* **Stored data**:

Content starts

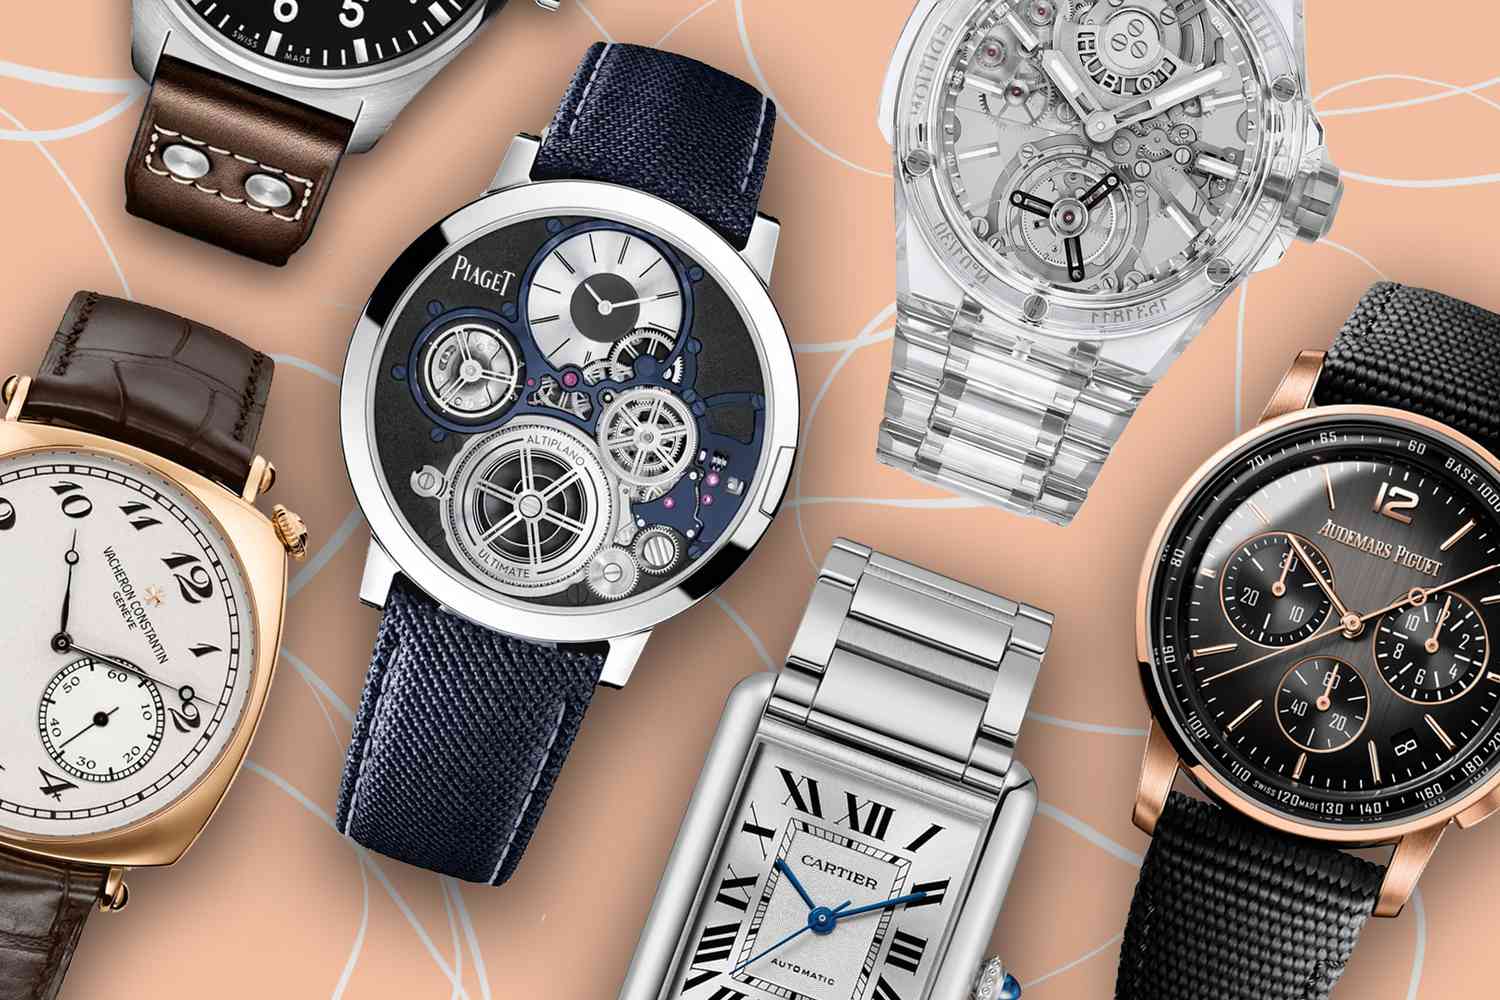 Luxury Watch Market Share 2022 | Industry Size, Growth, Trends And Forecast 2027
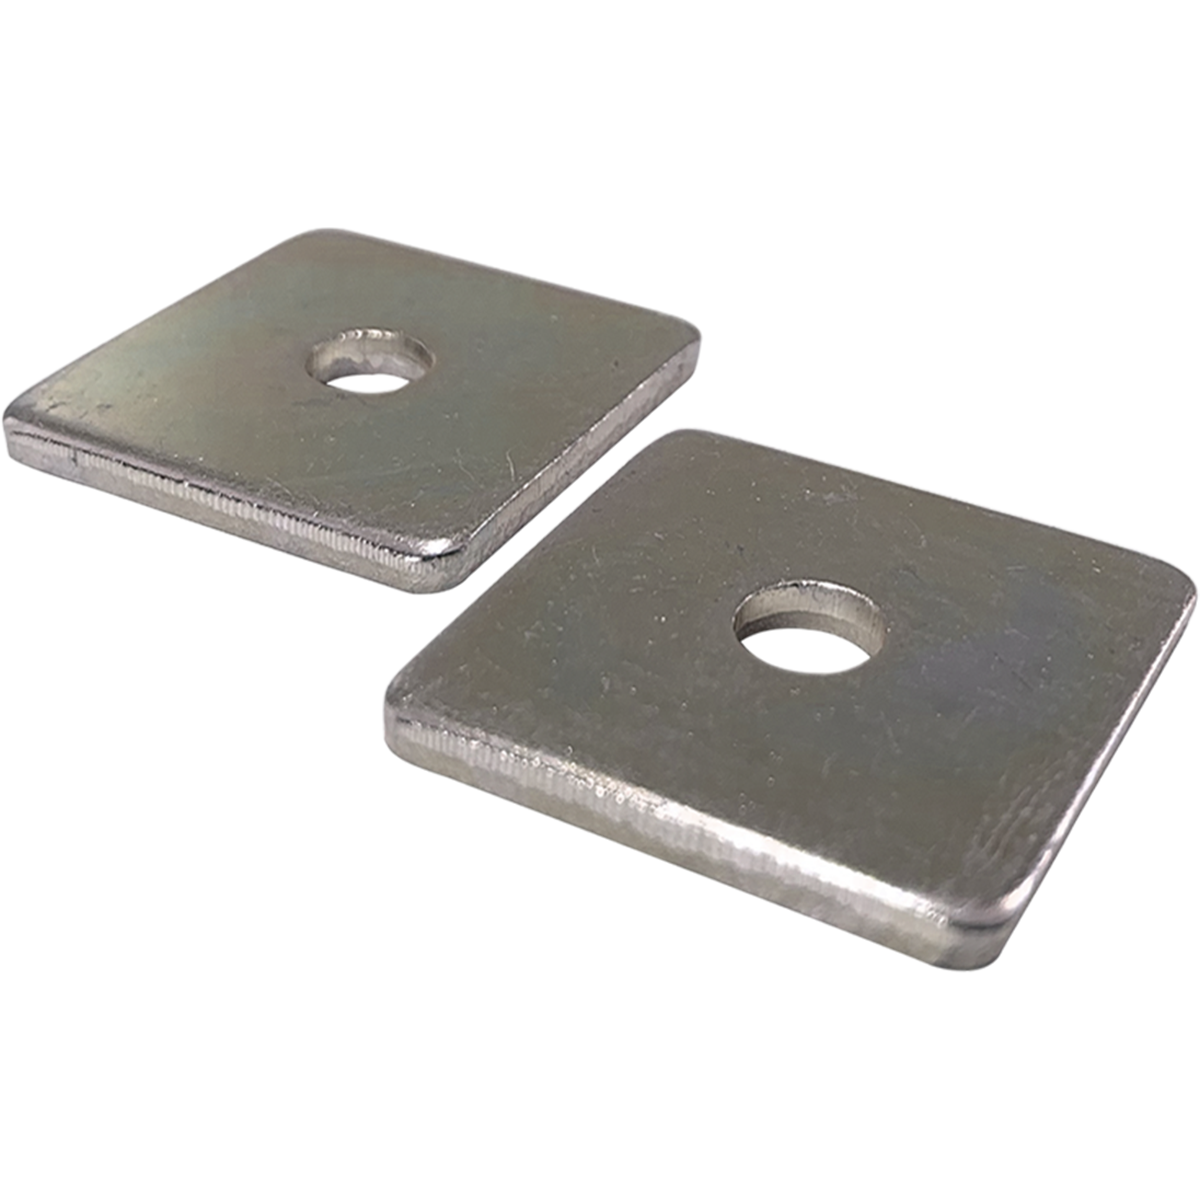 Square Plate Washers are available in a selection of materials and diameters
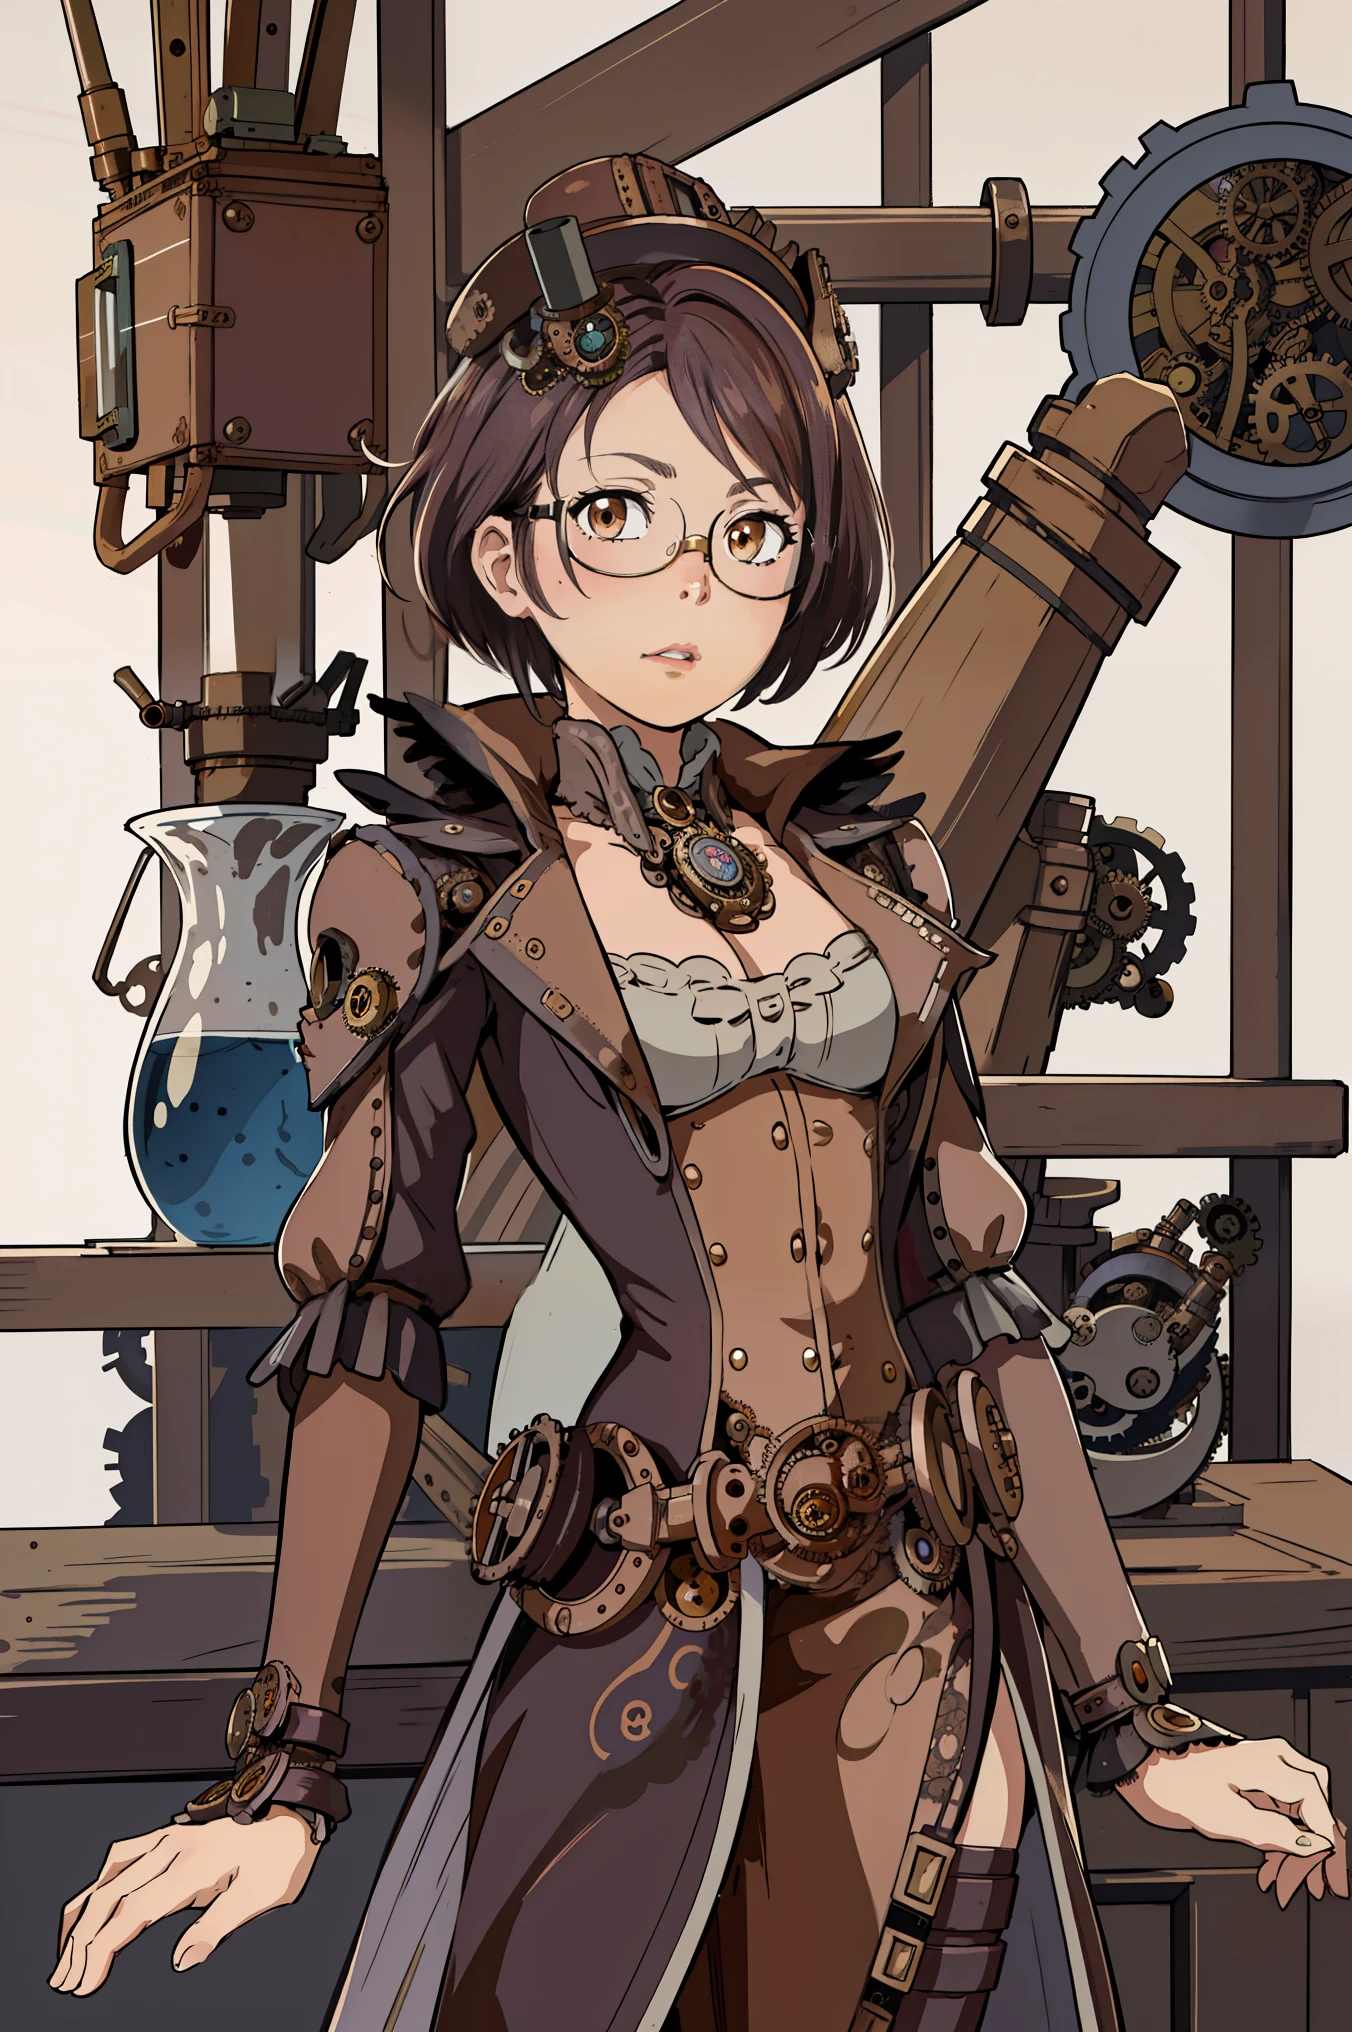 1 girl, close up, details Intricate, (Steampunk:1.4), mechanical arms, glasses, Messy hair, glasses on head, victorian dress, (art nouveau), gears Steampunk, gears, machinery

Content ends

* **Your task**: Starting with the line that holds "Square Plate Washers", reproduce exactly each line up to and including the last line of the material above, and drop the pictures.

* **Exercise answer**:
 Square Plate Washers are available in a selection of materials and diameters
 1 girl, close up, details Intricate, (Steampunk:1.4), mechanical arms, glasses, Messy hair, glasses on head, victorian dress, (art nouveau), gears Steampunk, gears, machinery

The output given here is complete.